REQUIRED ACTION:
The full set of lines below has to be duplicated exactly, with no picture kept.

EXERCISE DATA:
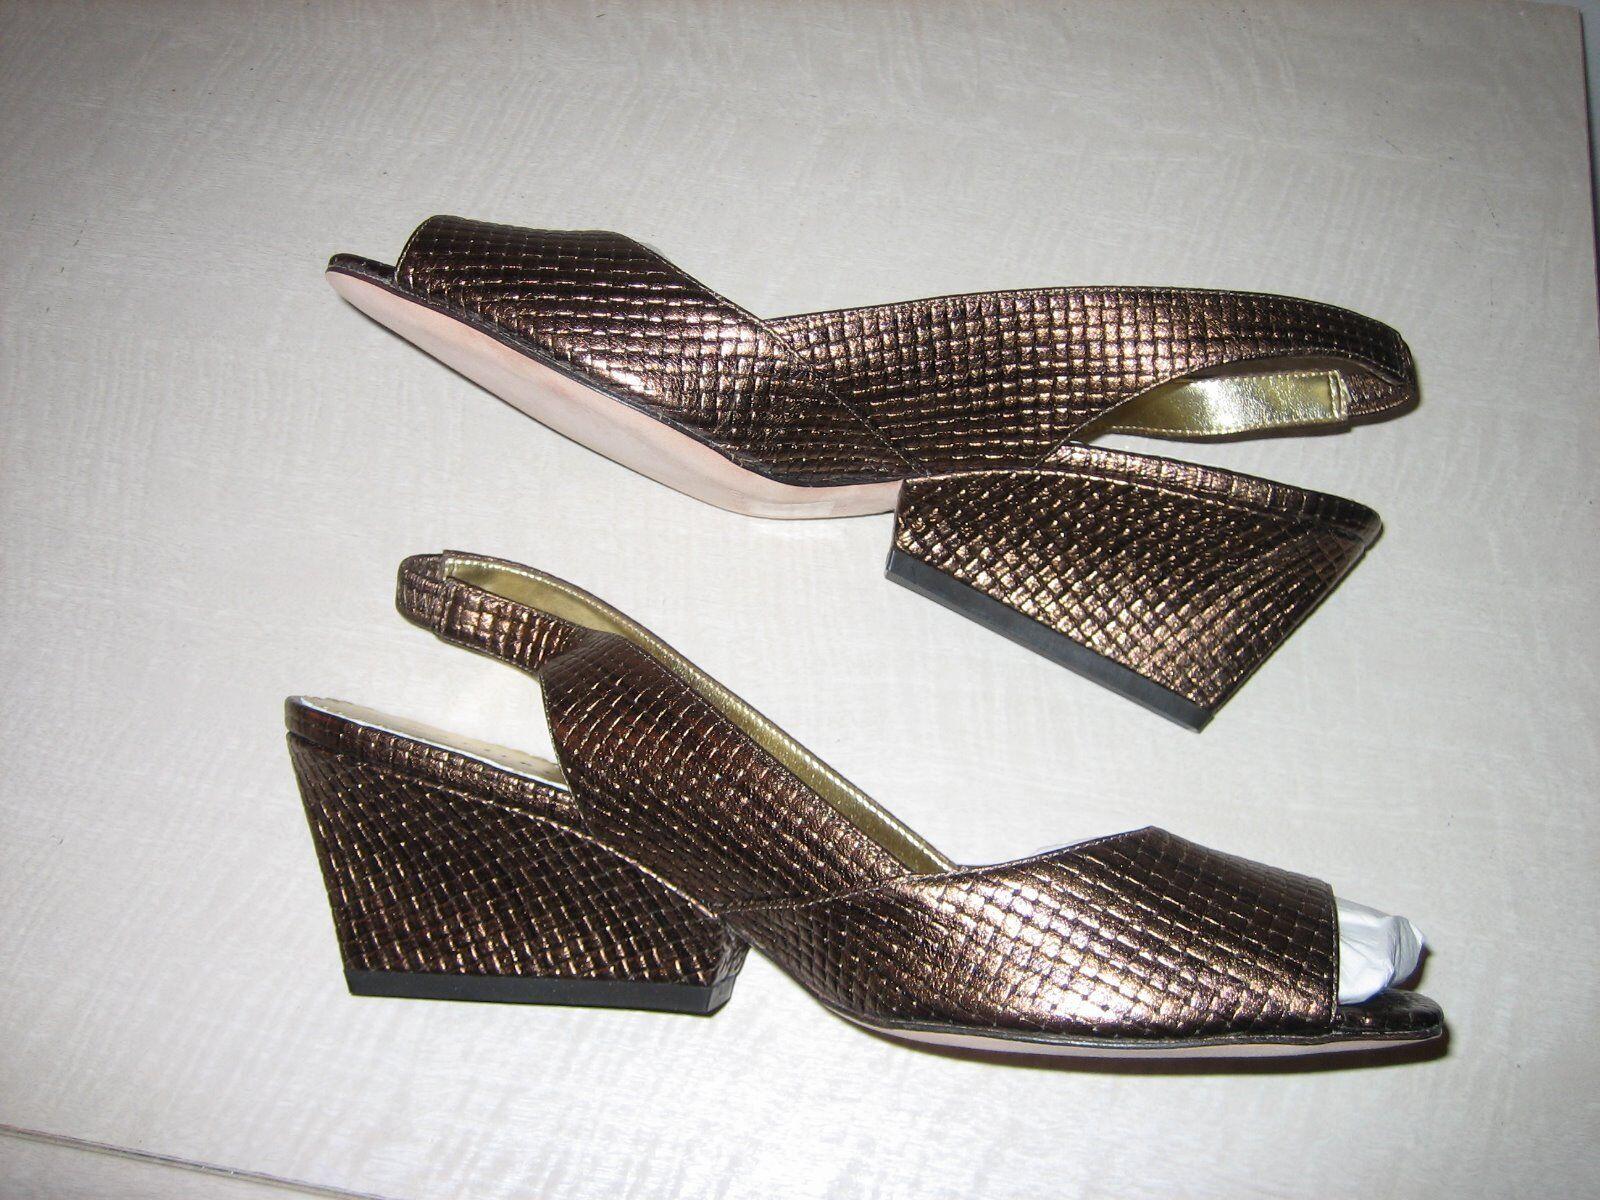 Martinez Valero woven bronze leather contourot wedge - New never been worn
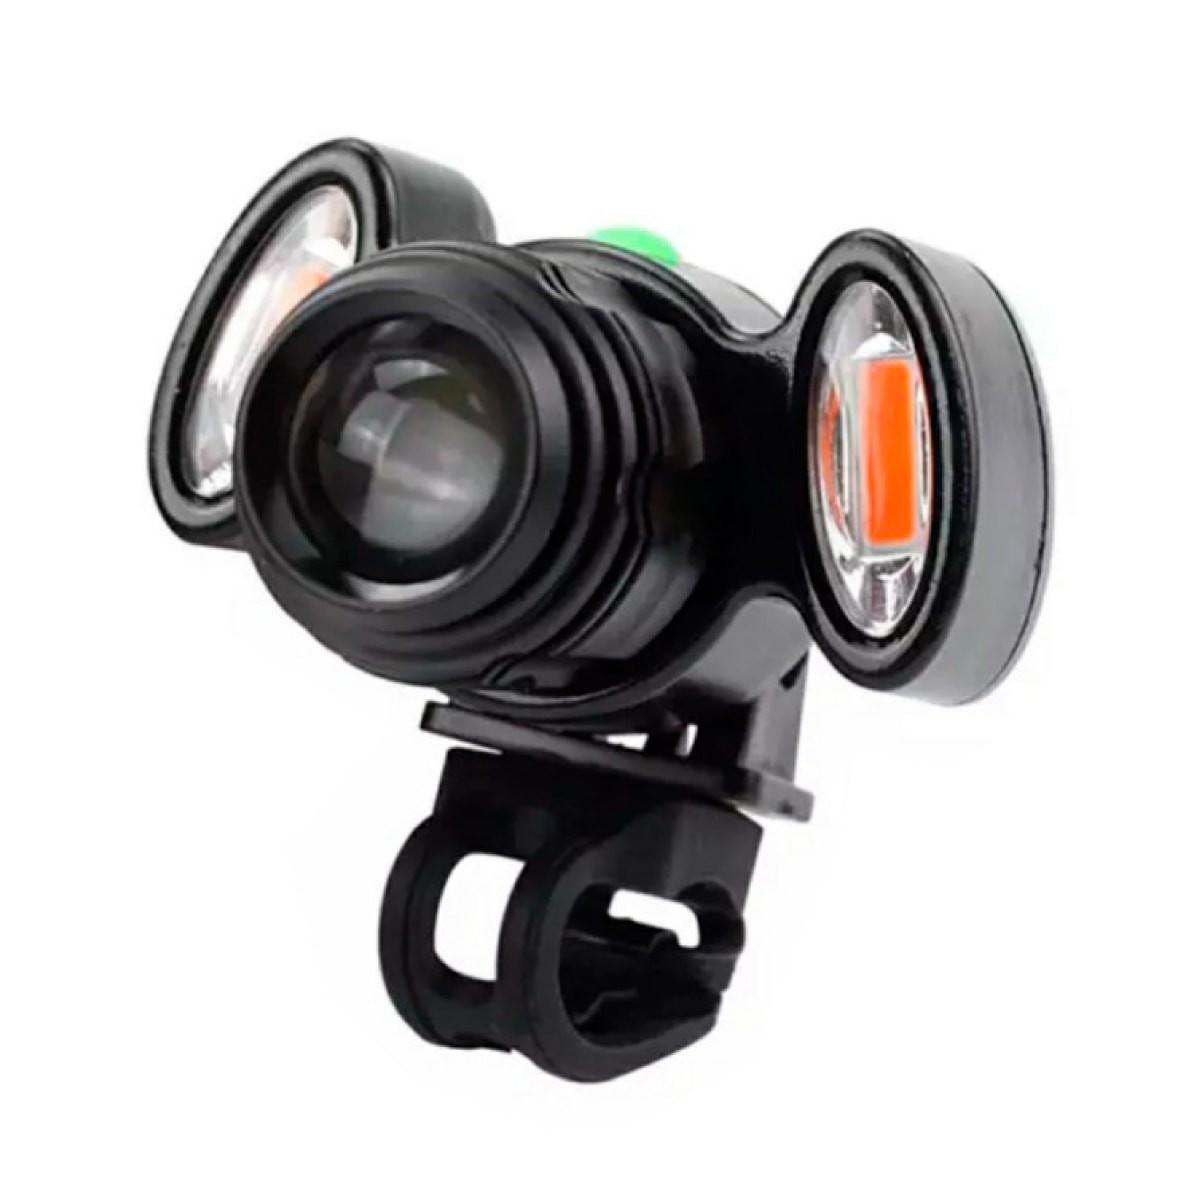 Farol USB 3 Lanterna Para cabeça Preto
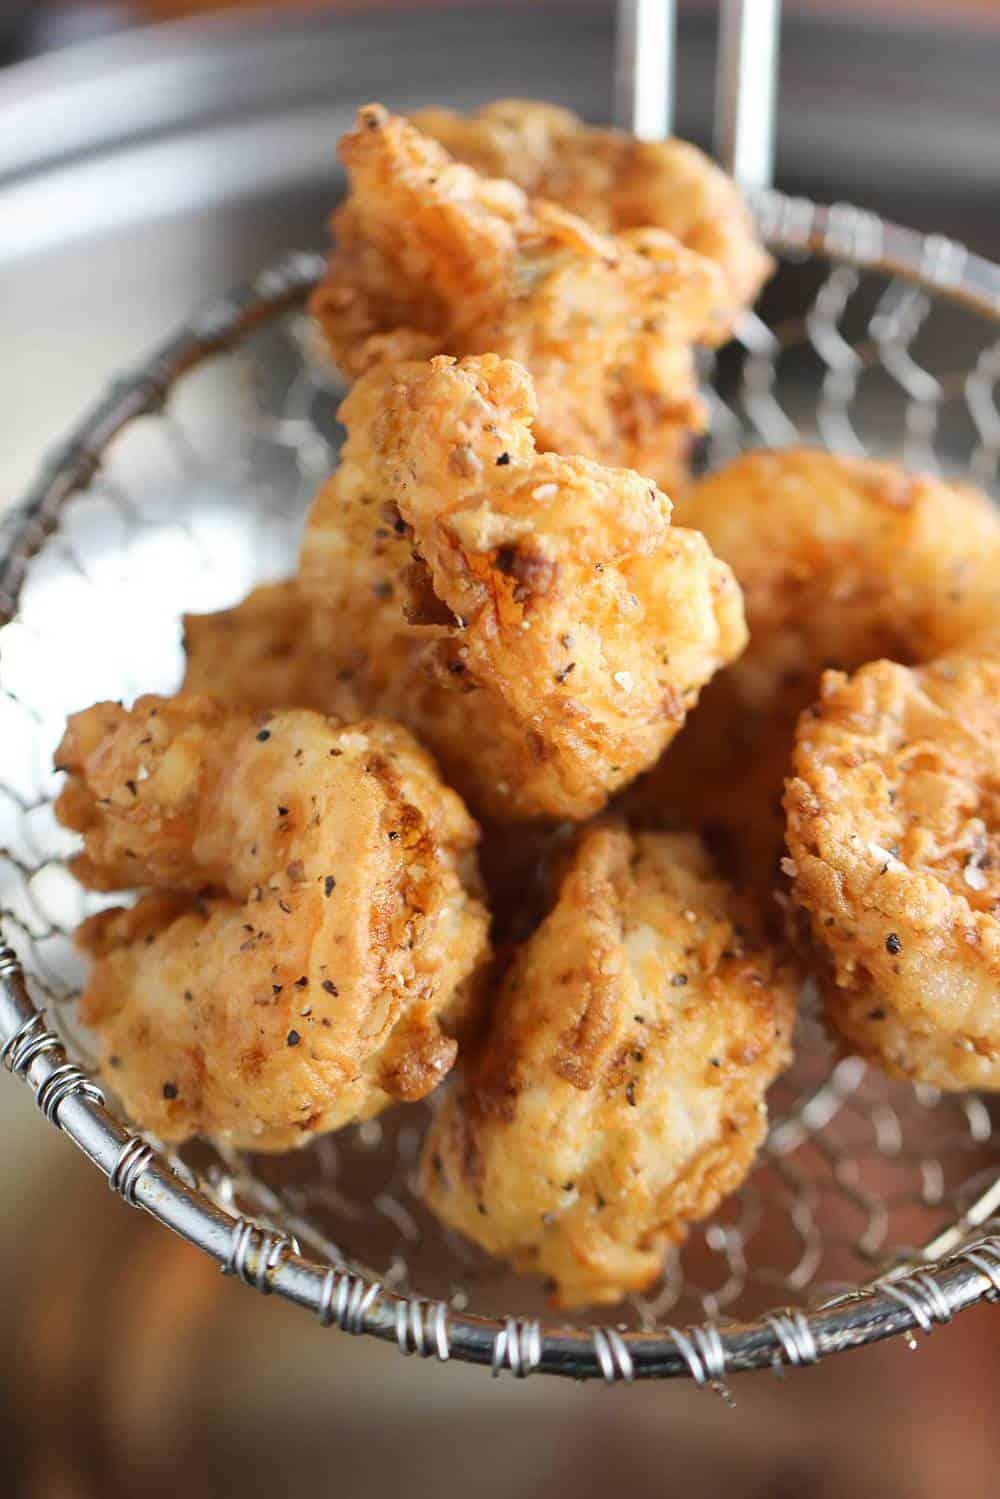 Southern Fried Shrimp recipe

FINISHED TASK:
 Martinez Valero woven bronze leather contourot wedge - New never been worn
 Farol USB 3 Lanterna Para cabeça Preto
 Southern Fried Shrimp recipe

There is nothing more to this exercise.